• When regulatory authorities question the safety of your products or about effectiveness of your pharmacovigilance system, our team of consultants can help to interpret the queries, identify necessary resources for the response and develop the right strategy.
  • FHS consultants can help companies prepare with pre-hearing rehearsals or attend and support during oral representations with the regulators.
  • Safety Data Exchange Agreements (SDEA) governs the inbound flow and management of the safety information and they are a legal requirement in all cases where safety data might be received by any third party that is not the license holder.
  • The types of safety data received can be very varied, they can be reports of adverse events but equally they can be other safety data: reports of abuse, misuse, overdose, medication error, use in pregnancy, lack of efficacy – and others.
  • The MAH must have a system in place to receive these reports, the 3rd party must have processes in place to transmit these reports to the MAH and there must be an SDEA in place to control and guarantee that no safety data falls through any “gaps”. It is imperative that all the data gets through and there needs to be a system of acknowledgement of receipt and reconciliation of data sent and received.
  • Depending on the relationship, the SDEA may have to include assignation of responsibility for EU QPPV, PSUR writing, literature searching, the submission of reports to regulatory authorities, answering regulatory authority questions, handling product complaints, signal detection, hosting the safety database and ongoing benefit-risk evaluation.
  • If some or all pharmacovigilance activities are being outsourced, including Medical Information, Call Centres, Adverse Event Processing, the SDEA needs to be comprehensive, detailing which parties are responsible for which activities, even though the ultimate responsibility lies with the MAH. None of the above lists are exhaustive - the types of data and activities governed by SDEAs will differ from company to company and from product to product.

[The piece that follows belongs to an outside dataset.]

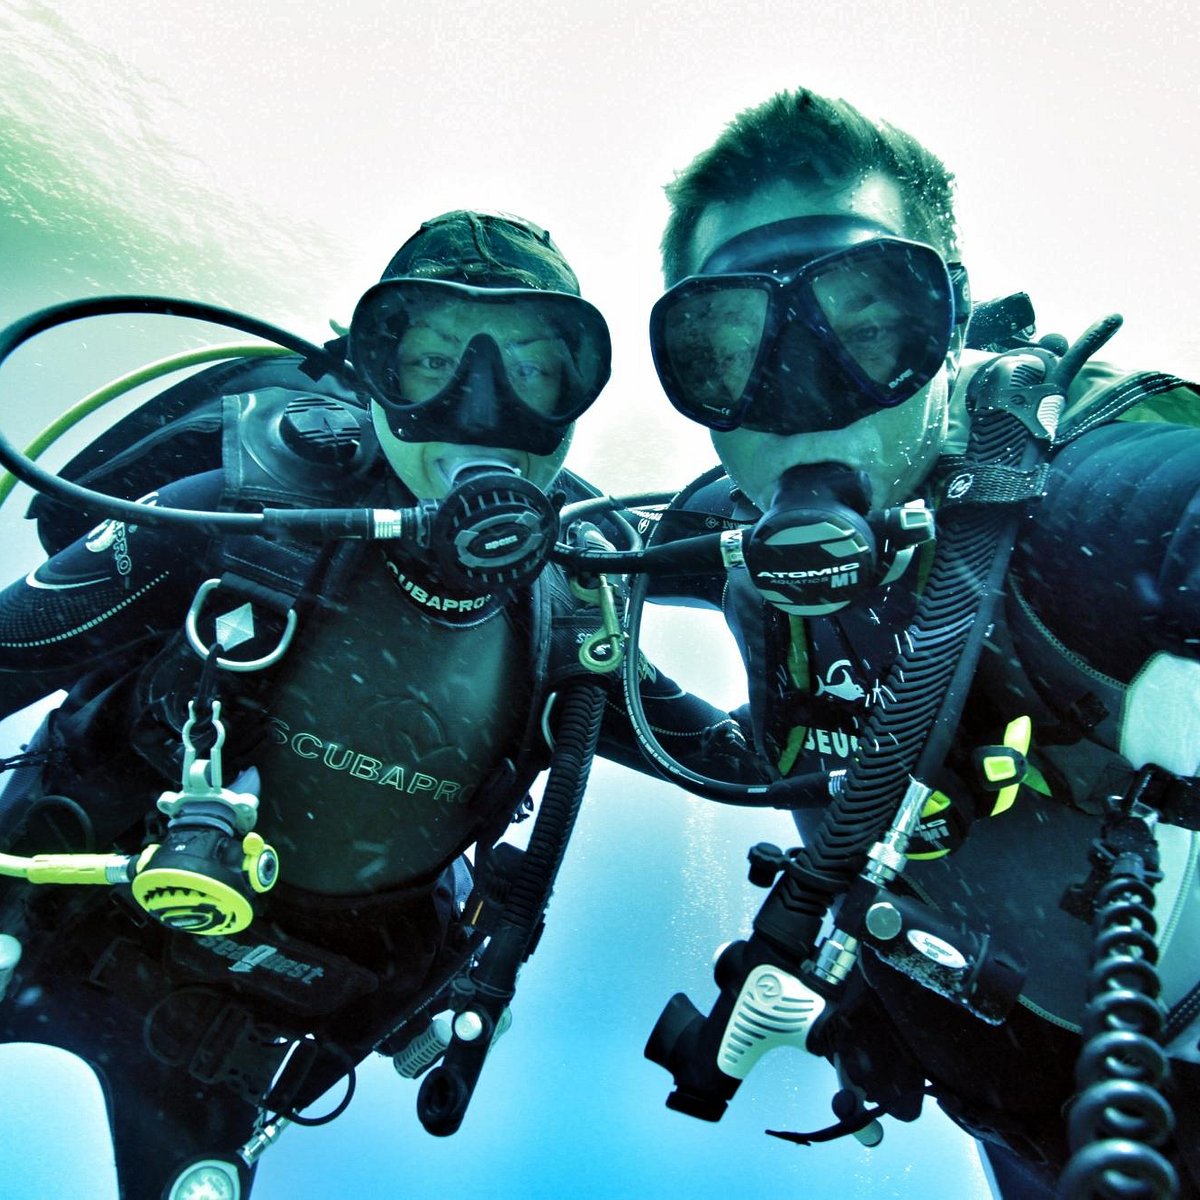 Diving Solo: Yes or No?

  • All the SDEAs must be part of the MAH’s quality management system and the writing, approval and documentation of each SDEA and each type of SDEA must follow company SOPs and be auditable. This is a regulatory requirement and SDEAs are inspected during pharmacovigilance inspections and audits.
  • Our teams construct robust, reliable agreements to ensure there is a mechanism whereby the correct data can reach the correct destination within a prescriptive and compliant timescale, ensuring that all activities occurring throughout the transit process are compliant with the regulations governing them.